KANBrief 2/23

Überarbeitung der EN ISO 10218 zu Sicherheitsanforderungen an Roboter

In den letzten Jahren haben Fortschritte im Werkstoffwesen und Entwicklungen in der Automatisierungs- und Antriebstechnik Industrieroboter leistungsfähiger, vielseitiger und kostengünstiger werden lassen. Um auch die sicherheitstechnischen Anforderungen anzupassen, wurde die Normenreihe EN ISO 10218 grundlegend überarbeitet und dabei ein neuer Ansatz der Risikobewertung umgesetzt.

Über die typischen Anwendungen in der Automobilproduktion, beim Schweißen, Lackieren, Palettieren etc. hinaus werden Industrierobotersysteme immer häufiger in einem viel breiteren Anwendungsspektrum eingesetzt. Dies ist auch das Ergebnis verbesserter Sensorik und der Anwendung von Steuerungssystemen mit zunehmender Leistung, inklusive der Implementierung künstlicher Intelligenz.

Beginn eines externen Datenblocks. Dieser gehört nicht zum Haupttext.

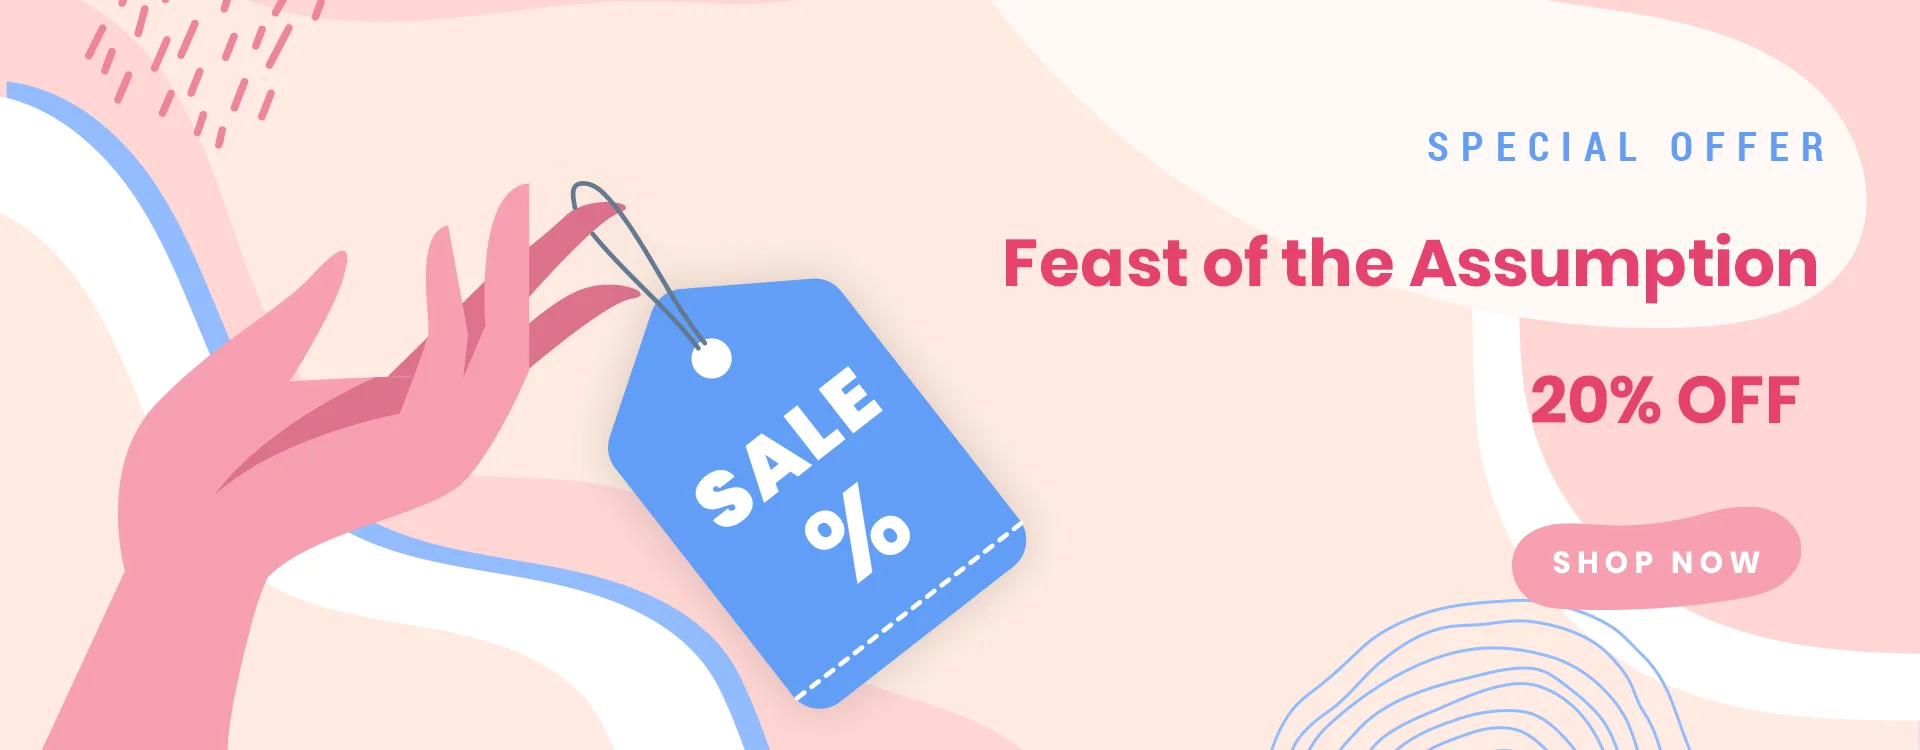 ASSUMPTION DAY - 20% off all products on PrestaHero!

Praktisch anwendbare sicherheitstechnische Anforderungen werden in der EN ISO 10218 „Robotik – Sicherheitsanforderungen“ beschrieben und erläutert. Der erste Teil der Normenreihe beinhaltet Anforderungen an Industrieroboter, der zweite Teil Anforderungen für Applikationen wie Robotersysteme, Roboterzellen etc. Beide Teile bieten als harmonisierte Normen die Konformitätsvermutung in Bezug auf die grundlegenden Sicherheits- und Gesundheitsschutzanforderungen der Maschinenrichtlinie 2006/42/EG.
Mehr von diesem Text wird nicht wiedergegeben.